How a skill is built

No deep craft, just the shape of it. A skill is a small markdown file in three parts:

  • A name and when to apply it. "api-design — designing a REST endpoint." From this description the agent knows in what context the skill is relevant and loads it on its own.
  • The rule or instruction itself. What to do and what to avoid. Often a set of items with unique codes (API-1, API-2, …) so you can point at them precisely.
  • "Do" and "don't" examples. So the rule doesn't stay abstract: the agent (and the human) needs a specimen.

The key subtlety: rules aren't hardwired into the skill. The skill is thin — an executor-instruction. The rules themselves live as a separate corpus that changes without breaking the skills. The analogy is a linter plugin, where the rule config is separate from the engine. One source, two renders: the same file becomes an HTML article for people and is read by the agent as plain text. They physically cannot diverge, because it's one file.

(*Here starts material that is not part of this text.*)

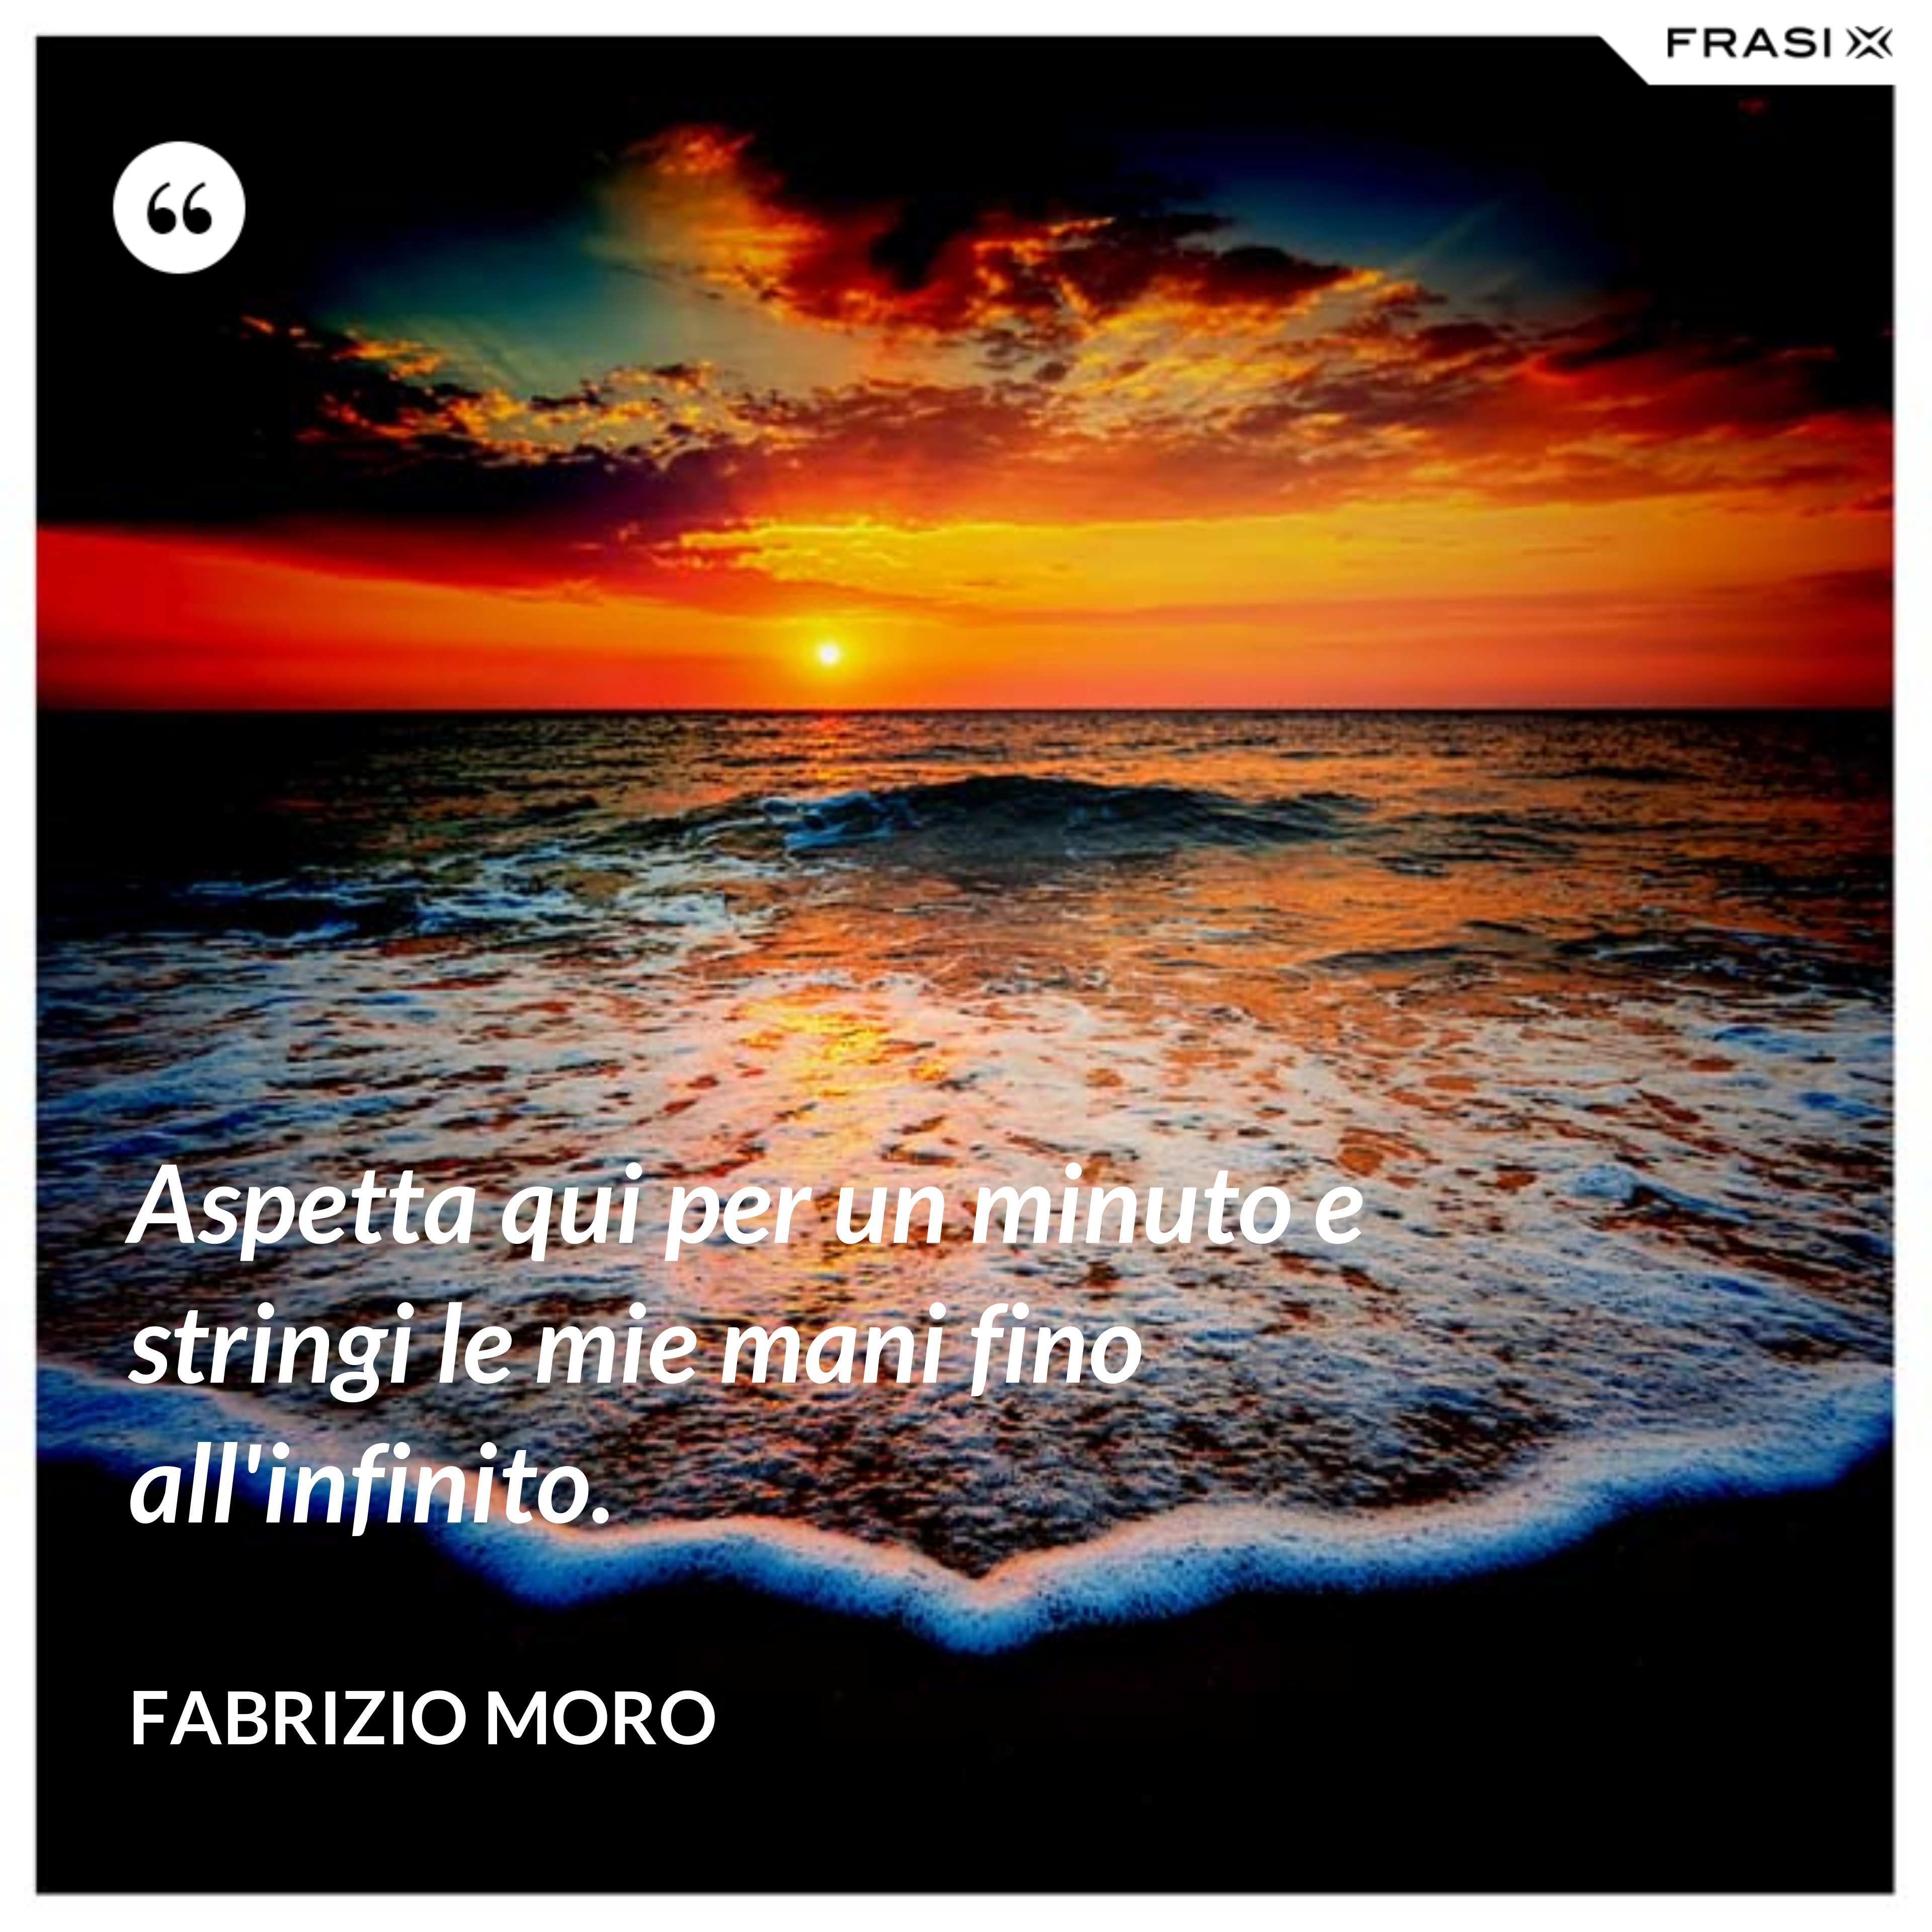 Aspetta qui per un minuto e stringi le mie mani fino all'infinito. - Fabrizio Moro

A set of such skills forms an executable corpus — and it shows how it's built inside: names, rule codes, split by aspect (API, style, tests, DDD tactics).

How to write and maintain a paired skill

The recipe is short, and it also explains why the forms don't drift apart.

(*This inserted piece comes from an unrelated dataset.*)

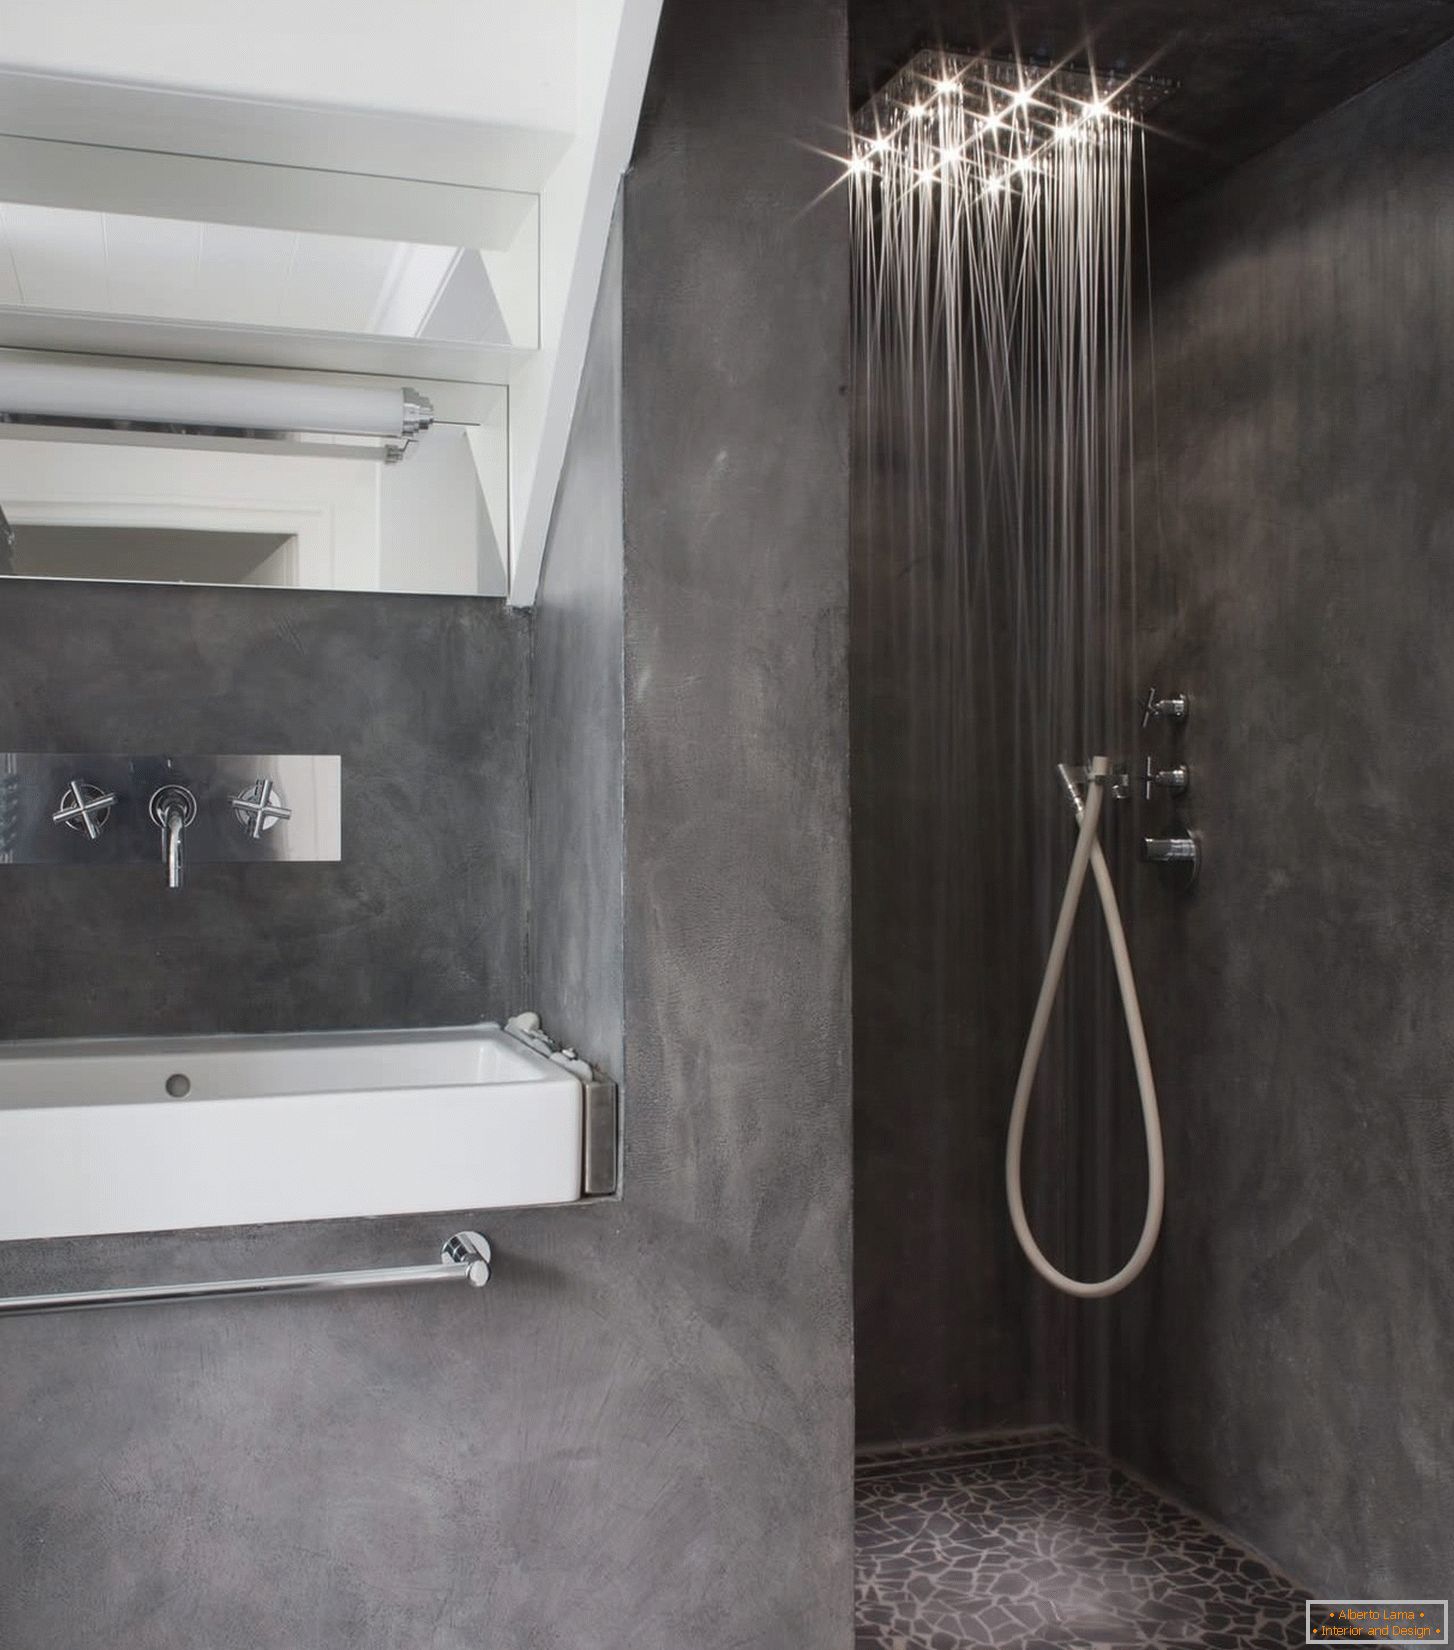 Schattierungen von Schwarz im Design des Badezimmers

  1. Write the article. Work the subject out for a human: the problem, the forks, how to decide. At this stage you figure the topic out yourself — if you can't explain it, there's no skill yet.
  2. Extract a checkable rule. From the article, pull what can be checked mechanically: not "do it well," but "the identifier is a typed VO, not a String." Give it a code.
  3. Frame it as a skill. Name, when to apply, the rule, "do/don't" examples.

Then the main thing: they change together. Change your mind about a rule — you edit both the article and the skill in one move. Divergence is a bug you catch by eye: if the article says one thing and the skill does another, someone forgot the pairing. That's why we keep them next to each other, in one repository, under one review.

It's a narrow, incremental process: one aspect — one article — one skill. Not "describe all of development at once," but closing gaps one at a time, where it actually hurts.

Its place in the triad — and one powerful special case

A skill on its own is half the picture. It tells the agent how to do it right, but doesn't grant access to systems (that's MCP — the hands) and doesn't remember the decisions of your specific service (that's Memory Bank — the memory). Together the three turn the agent from "smart but a stranger" into "smart and yours": rules + access + context.

And one special case of a skill deserves its own discussion — when a set of skills works as an executable engineering standard: a versioned corpus of rules the AI applies on every PR instead of a tech-lead bottleneck, citing a specific rule with a link. That's the most powerful form of "a skill as a review capability," and it has its own article — executable standard. That's also where you'll find why it reaches where SonarQube can't.

The general backdrop under all of this is why you need a methodology at all if AI writes the code: skills are the mechanism through which a methodology stops being text and becomes the agent's behavior.

In short

  • A skill is a piece of the methodology packed as an agent skill: a rule the agent applies automatically on every PR, in review, during generation. Not documentation you read — an executable rule.
  • One piece of knowledge in two forms. The article for the human, to understand; the paired skill for their agent, to apply. One won't do: without the article the agent applies but the human doesn't understand or argue; without the skill the human understands but the agent doesn't apply.
  • The build is simple: a name, when to apply, the rule with codes, examples. The rules are a separate corpus, the skill is thin; one file renders both into an article and into an agent instruction.
  • Written in pairs: article → extract a checkable rule → frame it as a skill; from then on they change together. Divergence is a bug.
  • The triad: the skill (rules) works together with MCP (access) and Memory Bank (context). The most powerful special case is the executable standard.